AnneMarie (27:27): The thing is there's something interesting also potentially about the kind of big move. If we look during the pandemic, obviously there's lots of text or SMS based scams in operations, sadly. But we've also seen a growth in sort of white collar fraud and computer related crimes going through the roof at a time when theft obviously went down due to people being at home largely. So it just seems to me it's a really interesting period of time where data and technology are potentially going to shift, potentially shift the class of people that we would normally associate most with the criminal justice system; that could be shifting as a result of the crimes that data and technology make possible in the virtual world. So it seems to me crime in the metaverse will be an interesting development, although clearly not helpful but just another kind of strand showing you that these new technologies just give rise to completely new challenges and can we actually design them out better to affect more cost effective prevention than we seem to be able to at the moment. It seems to me as a really important area of activity and I don't see lots of people talking in that space.
Ben Yeoh (28:34): Yeah, exactly. So the crime of stealing an NFT, so stealing some digital bits, seems still to be possible, but interesting you can potentially trace it a lot easier and there's been these interesting cases of hacking and the hackers actually sending it back and then them claiming that they were doing it to test the system or not, which you don't know, but the fact that you could trace it was different. As opposed to someone being robbed at the cash machine, you're now having a lot more telephone banking swindle fraud type things. Like you say, it's really shifting. Referring back to our earlier thoughts on sort of community ownership and the sense of being different, do you think a Seetec being majority employee-owned makes a difference to how it's thought?
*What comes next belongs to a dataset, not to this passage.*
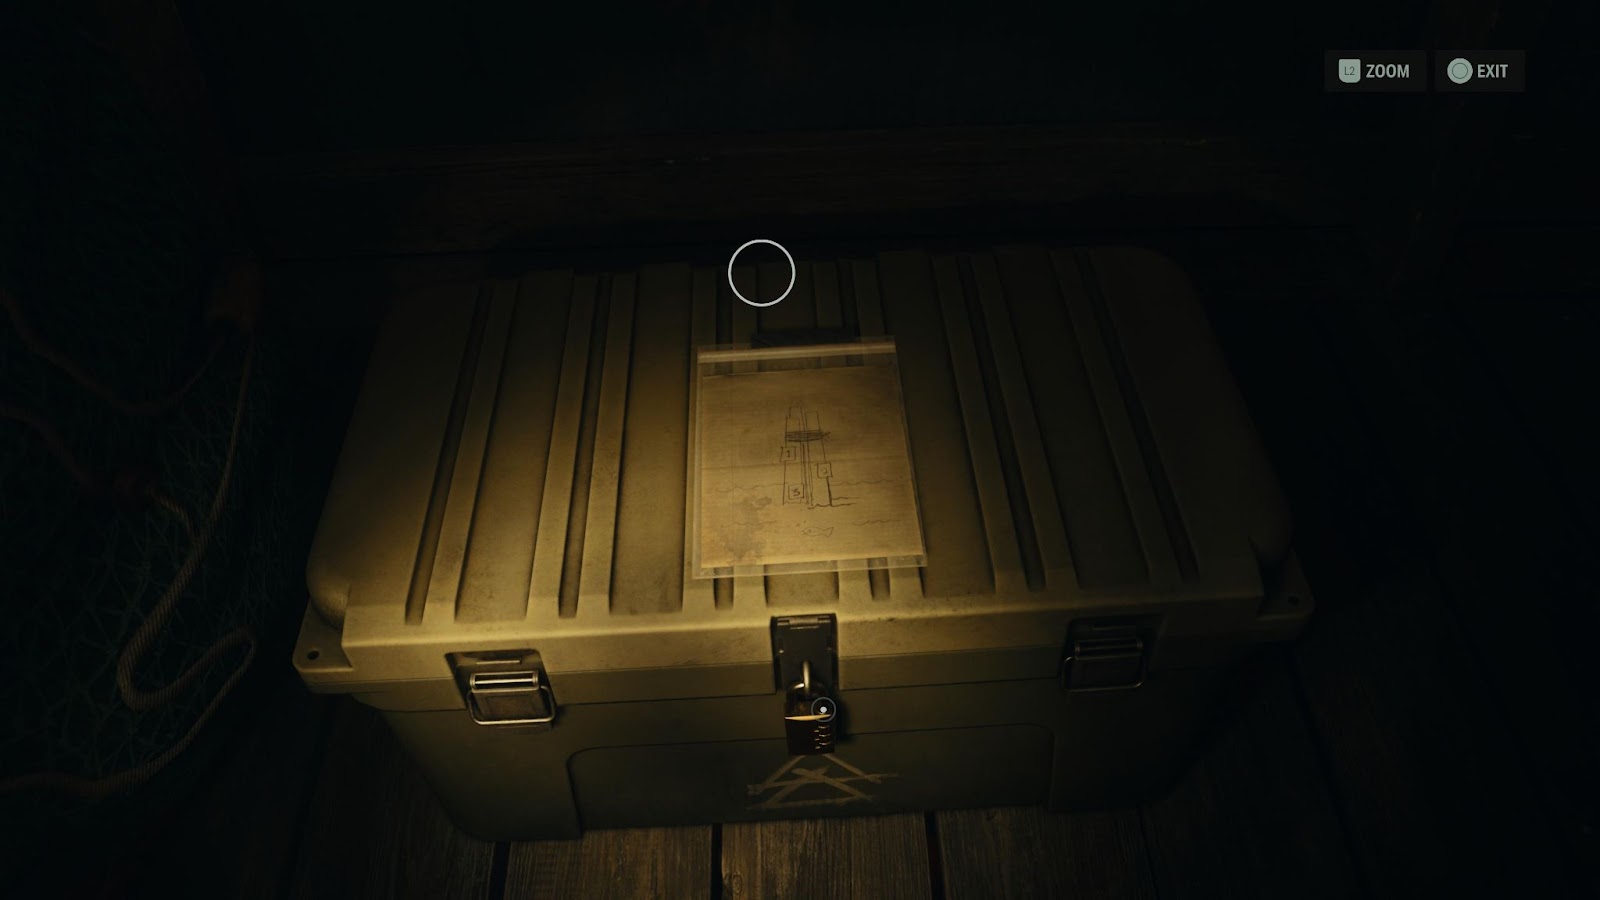 An in game screenshot of the harbor cult stash in Bright Falls from Alan Wake 2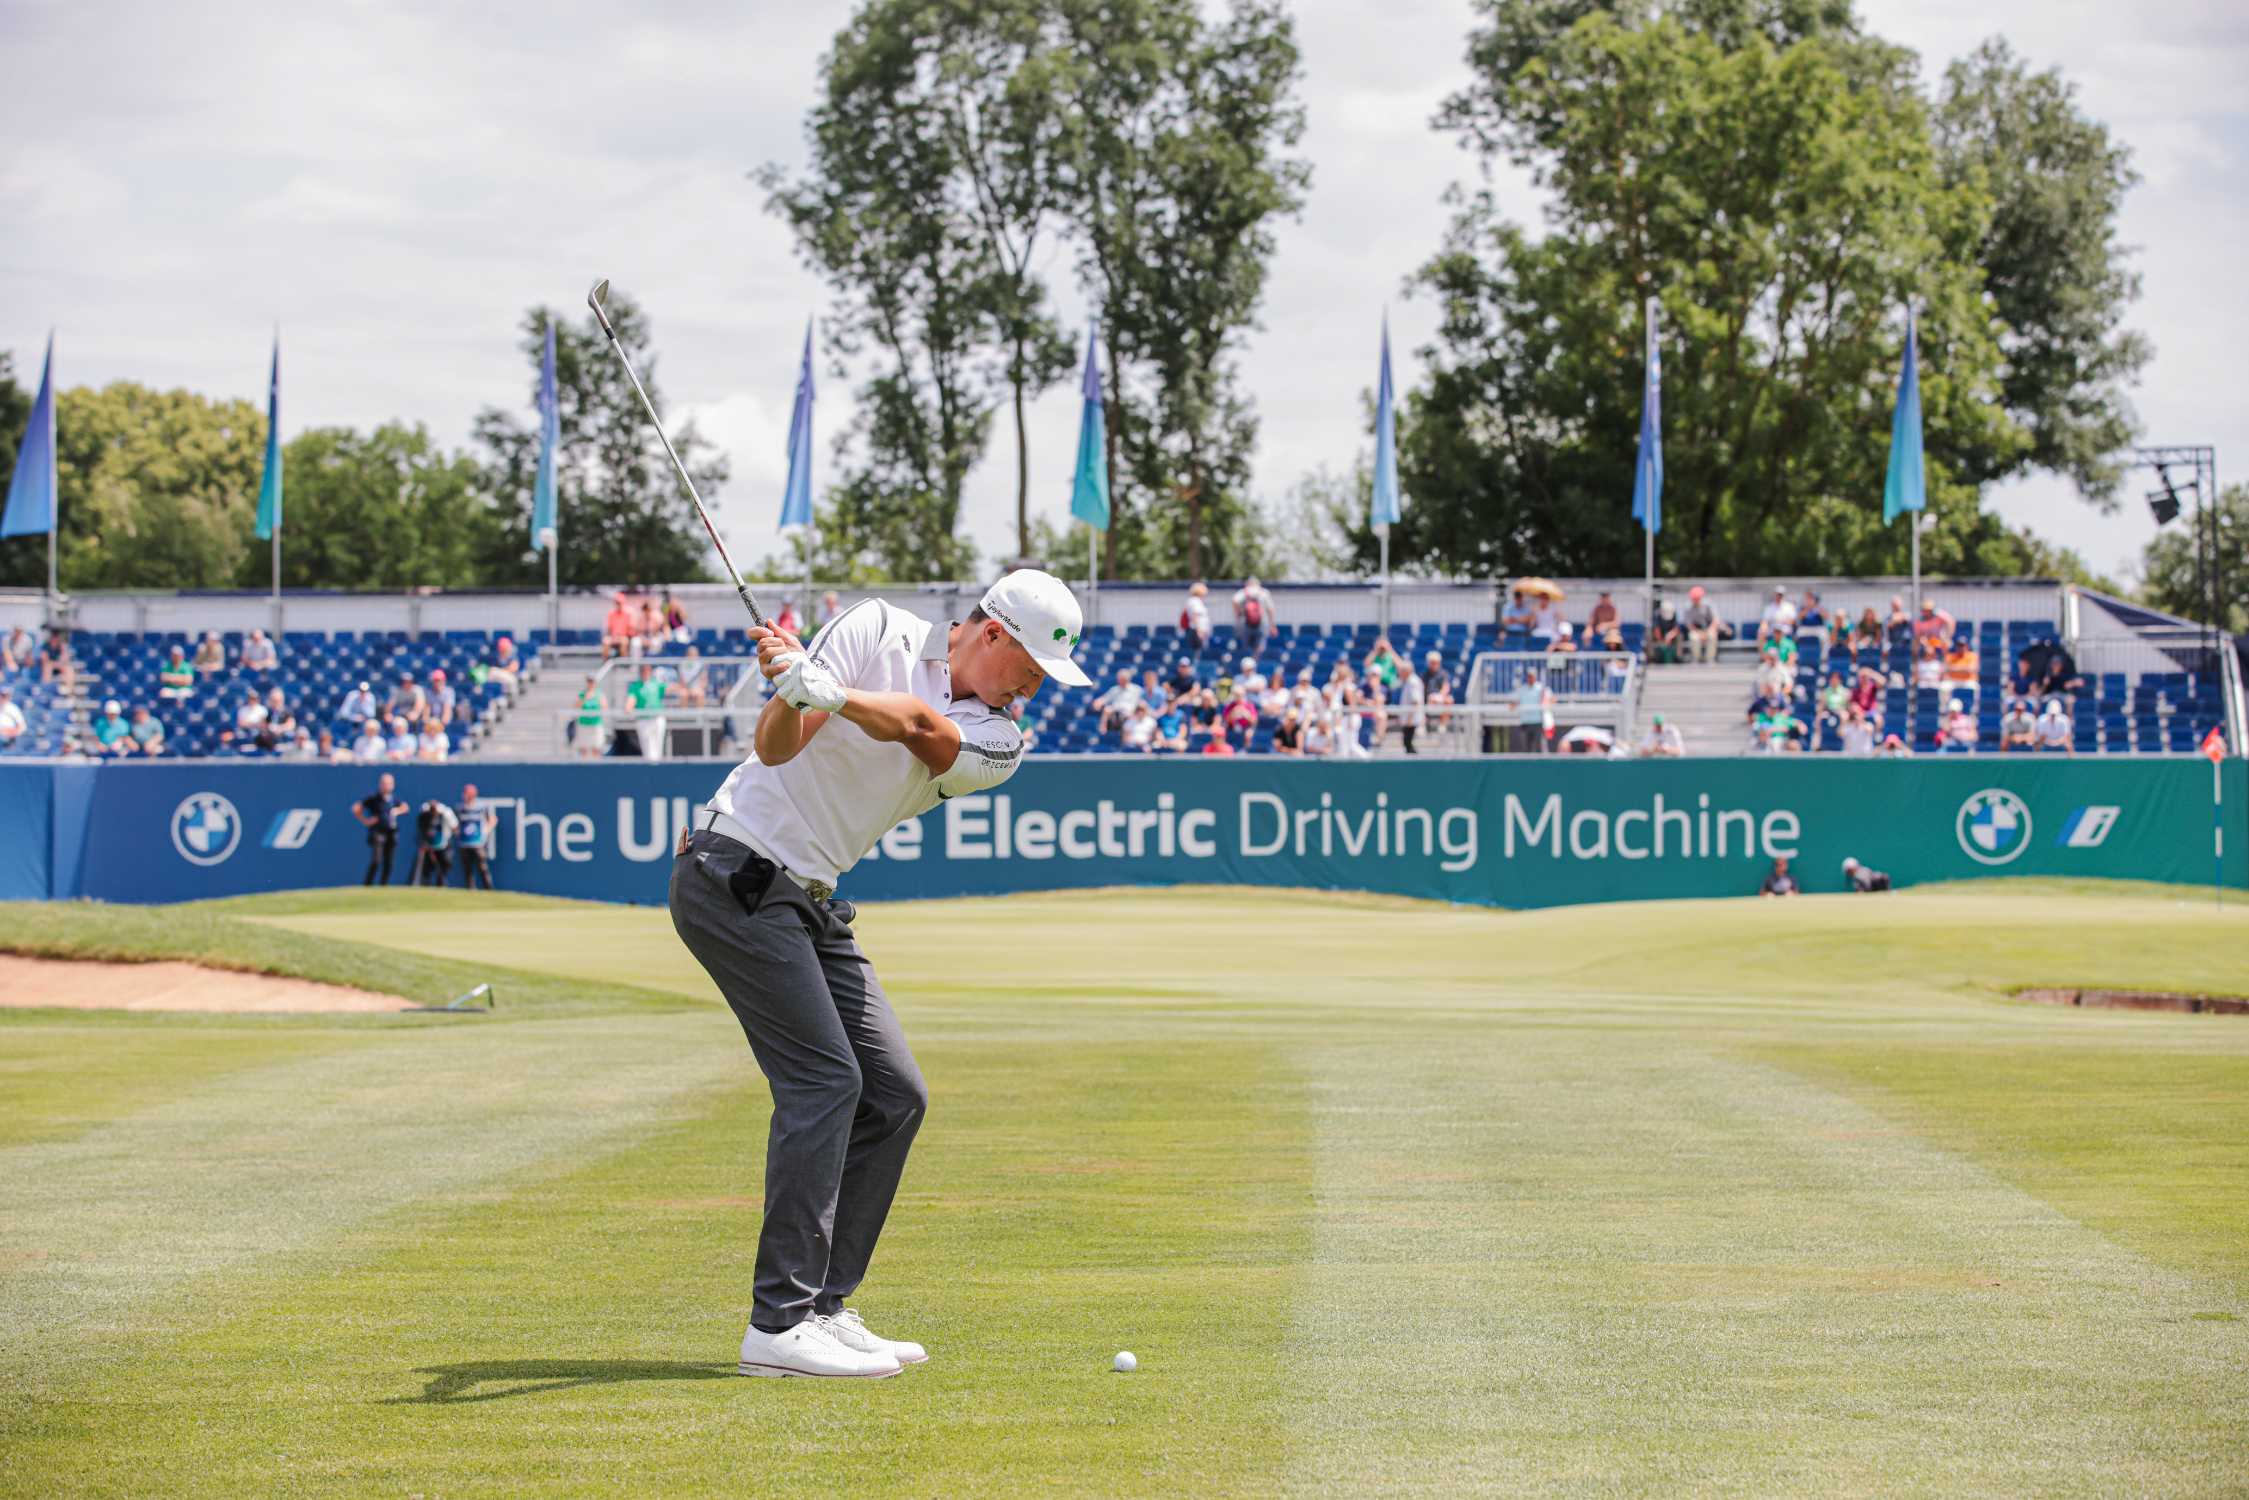 BMW International Open: Images from Friday morning.

Ben Yeoh (29:23): There's a lot of thinking about stakeholder holders versus shareholders versus how you think, but there is an idea which actually goes back quite a long way that where people feel ownership and that can come from different forms where people feel ownership over the long term, you tend to get more alignment, maybe more purpose and more kind of pulling in together. Whereas if you feel that there's a gap, call it an agency issue or a kind of worker management type issue and you're doing it for something which is less purposeful because it's a much more transactional nature, then those organizations don't tend to have such strong call it social human relationship capital, and therefore tend in an intangible sense to maybe be a little bit less wealthy in terms of what they can achieve. I guess you've now worked on two or three different sides of that. So from a personal experience, do you kind of view that maybe as to have some truth or what the pros and cons of it are, and maybe even on a kind of policy level cause it's interesting that I don't feel in the UK, we do have that many forms of say mutuality or partnerships, even though those structures exist, they're no longer seemingly dominant forms and even though there's been regulation for social enterprises and things of the like, they don't seem to have maybe caught the light as much as these other dominant forms, except perhaps in some of these community asset things that we were talking about earlier.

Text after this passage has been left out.